The Daily Mail (UK) has reported on a study by Ross McKitrick of the University of Guelph in Canada that, yet again, resurrects the tired old “warming pause” meme. Climate Nexus notes that the study uses methods designed to show no trend; ignores a large body of contradictory scientific evidence; and was published in a journal known to be a “predatory publisher.” McKitrick, a well-known antagonist to mainstream climate scientists, is using bad analysis to reach a pre-determined conclusion.

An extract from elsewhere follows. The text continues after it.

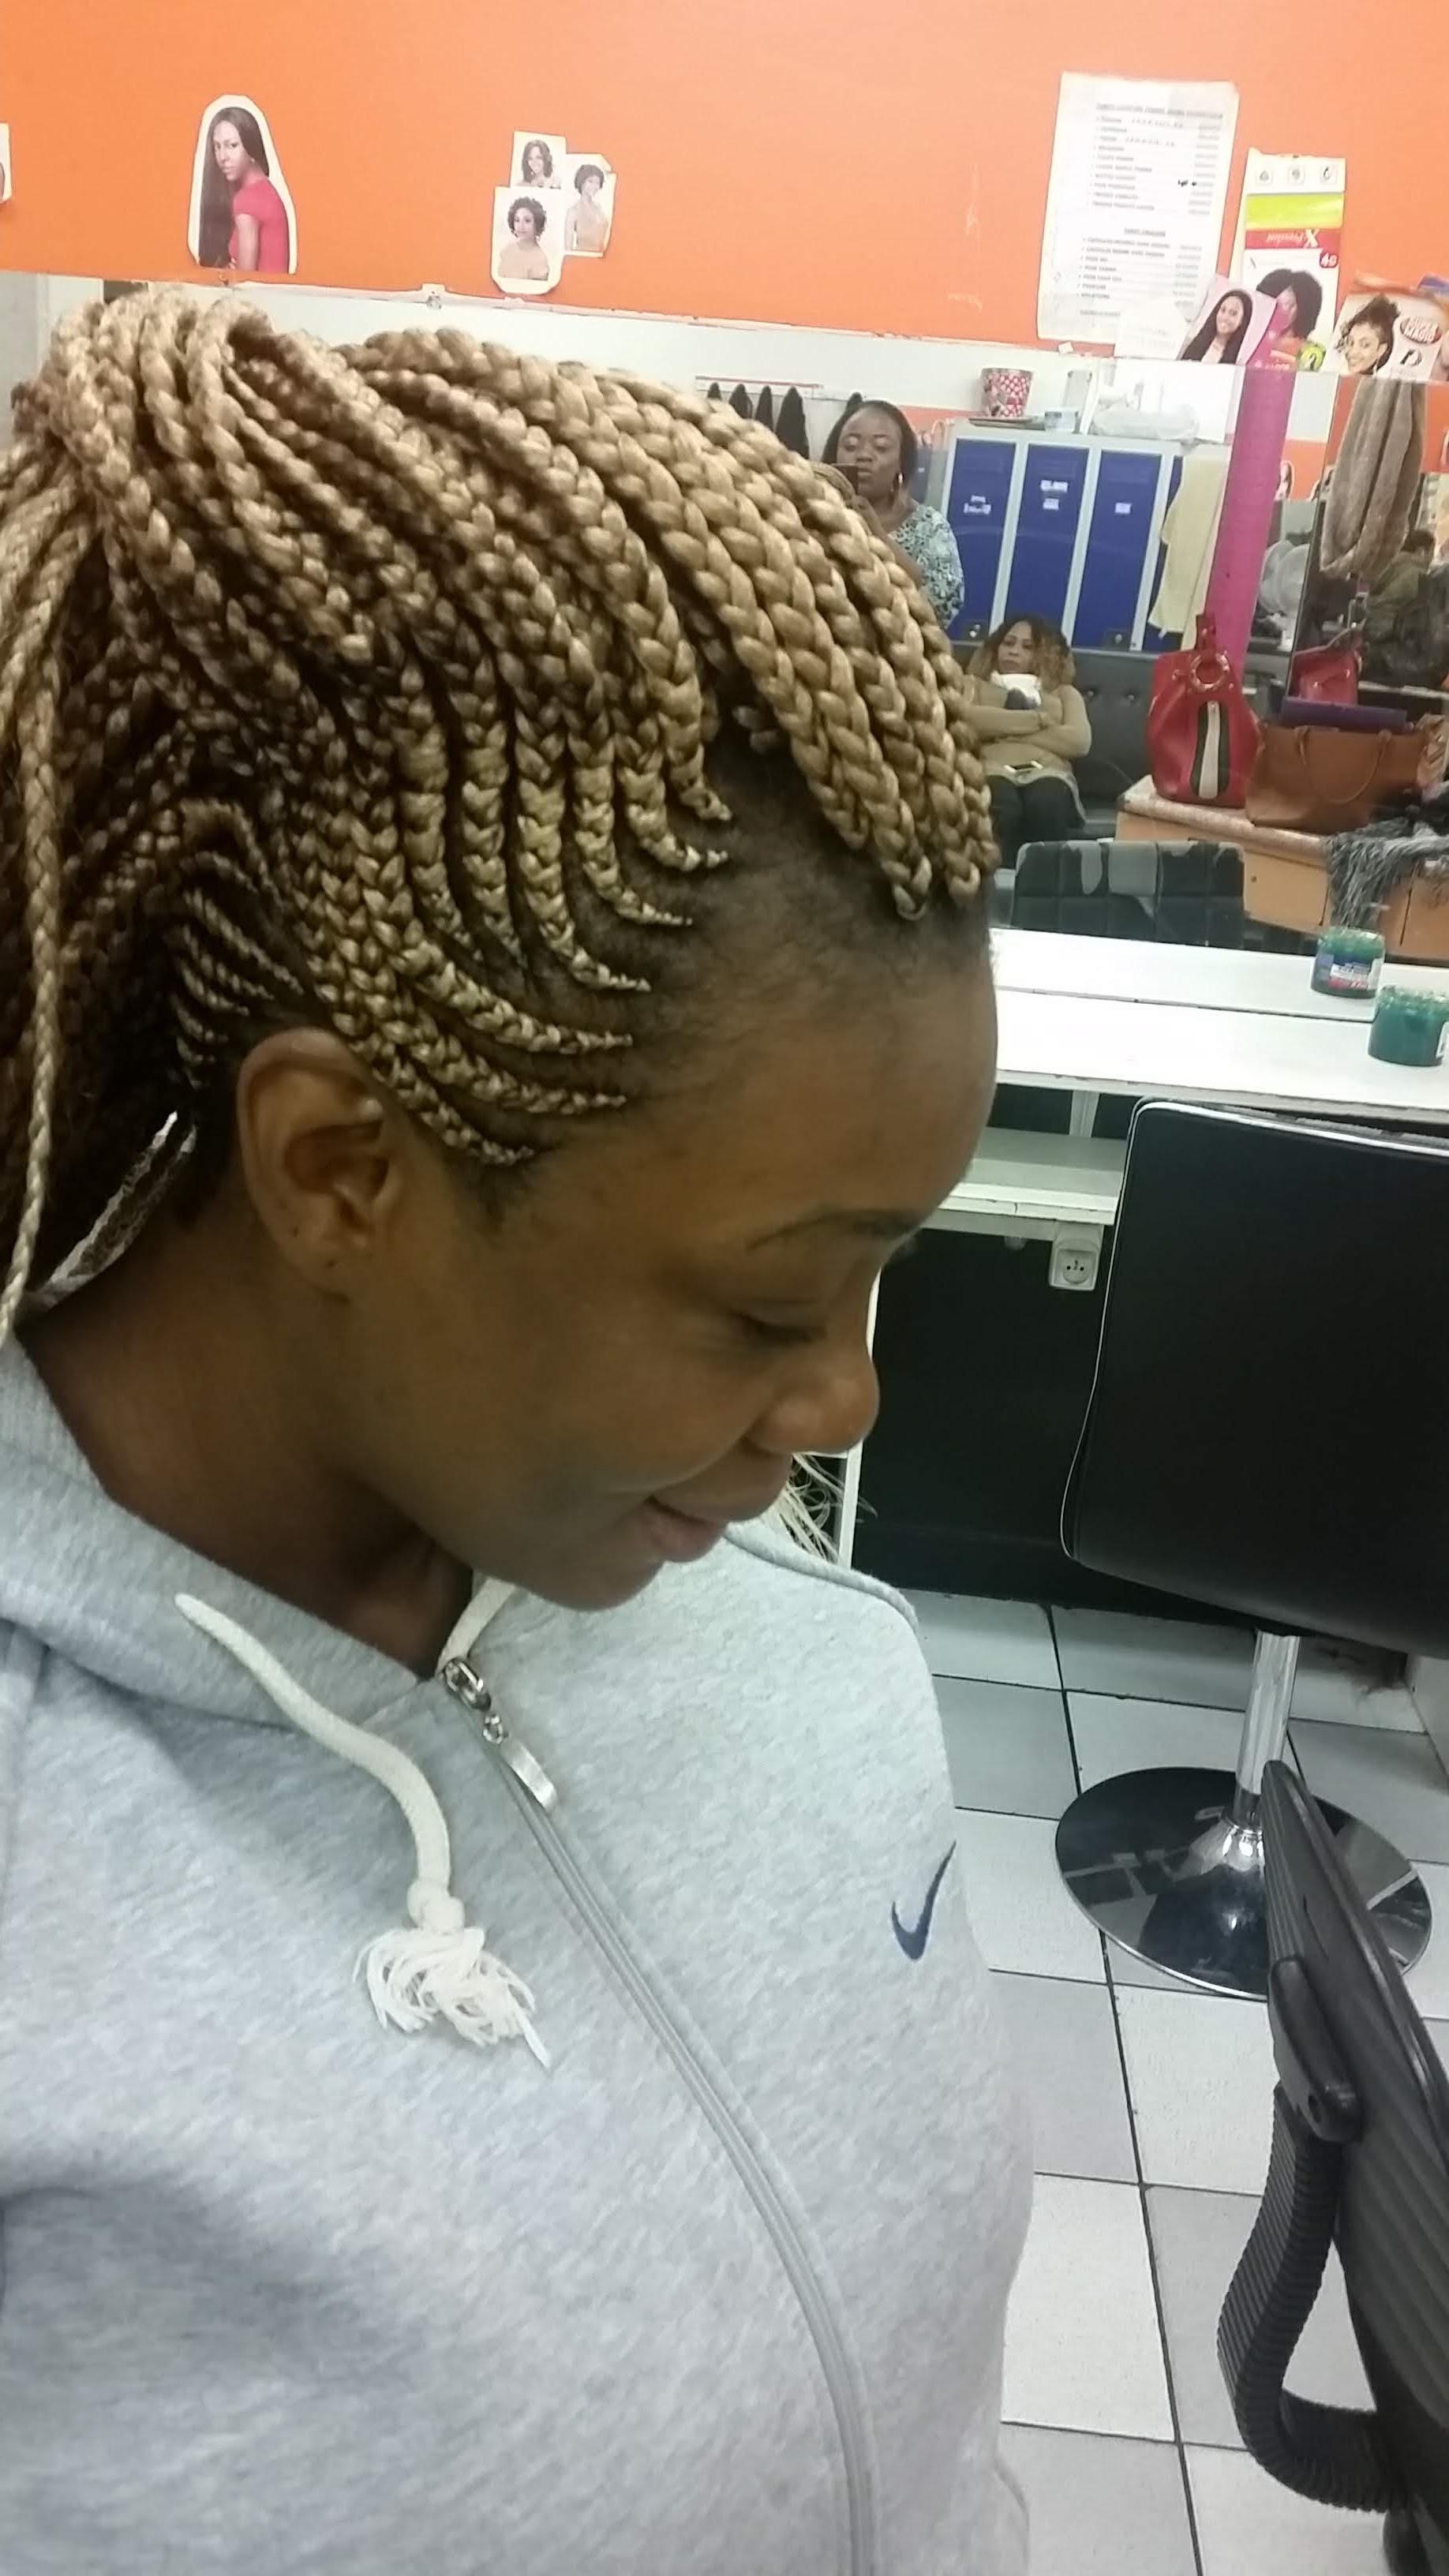 salon de coiffure afro tresse tresses box braids crochet braids vanilles tissages paris 75 77 78 91 92 93 94 95 MCNIGGUH

The following is a guest post from Climate Nexus (text in PDF format here):
Daily Mail Touts Study Using Biased Methods
to Question Climate Change
The Daily Mail (UK) has reported on a study by Ross McKitrick of the University of Guelph in Canada that, yet again, resurrects the tired old “warming pause” meme. The study looks at the change in average global temperatures over a narrow timeframe. This is problematic in that short-term variability can affect the trend. For example, studies confirm that the oceans are absorbing an increased amount of heat, allowing surface temperatures to level off temporarily. Scientists agree that over the past 50 years, global temperatures have been rising due to human activity, and this rise is projected to continue.
- The study uses methods designed to show no trend.
- The study ignores a large body of contradictory scientific evidence.
- The study was published in a journal known to be a “predatory publisher.”
The study methodology generates trend observations that are not meaningful.
The study is not statistically rigorous, in that it simply uses a single starting point near the present, and works backwards in time to test if the sample period shows a trend. This doesn’t make a lot of sense as a way to test the accuracy of climate models, which are built to function on far longer timescales. It also isn’t even an effective way to prove a lack of trend. For example, the trend for the period McKitrick highlights is not quite statistically significant, but the confidence interval shows it is equally likely to be 0.19ºC of warming per decade, as it is to be 0ºC. That’s not the same as proving no trend.
One blogger even tried the same technique using simulated data that DID have a constant trend, and found that in 10% of cases McKitrick’s methods would have still showed a pause starting in 1995 or before.
The study ignores previous evidence showing that the pause may be exaggerated.
For example, Cowtan and Way found that undersampling of the Arctic in the modern temperature record may have biased recent global average temperatures too low. If they are correct, the slowdown in surface warming may be half of what the HadCRUT data series (which McKitrick uses) shows.
There are also many contributors to the surface warming slowdown that are still consistent with long-term human-caused warming. One big factor is the deep oceans’ submergence of heat, which new research shows has increased in recent years (in both the Pacific and Atlantic). History tells us that this uptake is likely to eventually reverse, in turn causing surface warming to accelerate once again. Surface and ocean temperatures may seesaw, but the overall global temperature trend remains upward.
The journal that published McKitrick’s study is on a list of “predatory publishers.”
The number of predatory publishers has skyrocketed in recent years, growing from 18 in 2011 to 477 in 2014. These publishers rely on an open-access model in which authors pay the journal for publication, a process that critics say leads to corruption and lack of peer-review. The “Open Journal of Statistics” published the McKitrick study, and is under the Scientific Research Publishing imprint which appears on lists of predatory publishers.
McKitrick doesn’t have a pristine scientific record either. One of his most blatant mistakes was to measure angles in degrees instead of radians, a basic and extremely important distinction in units of measurement. He is also a well-known antagonist to mainstream climate scientists, inserting himself into the “Climategate” controversy in 2010 by alleging that scientists were “faking the match” between proxy and temperature data.
McKitrick’s study seeks to perpetuate a meme that has been refuted over and over. It uses poorly developed statistical techniques to prop up a pre-determined goal.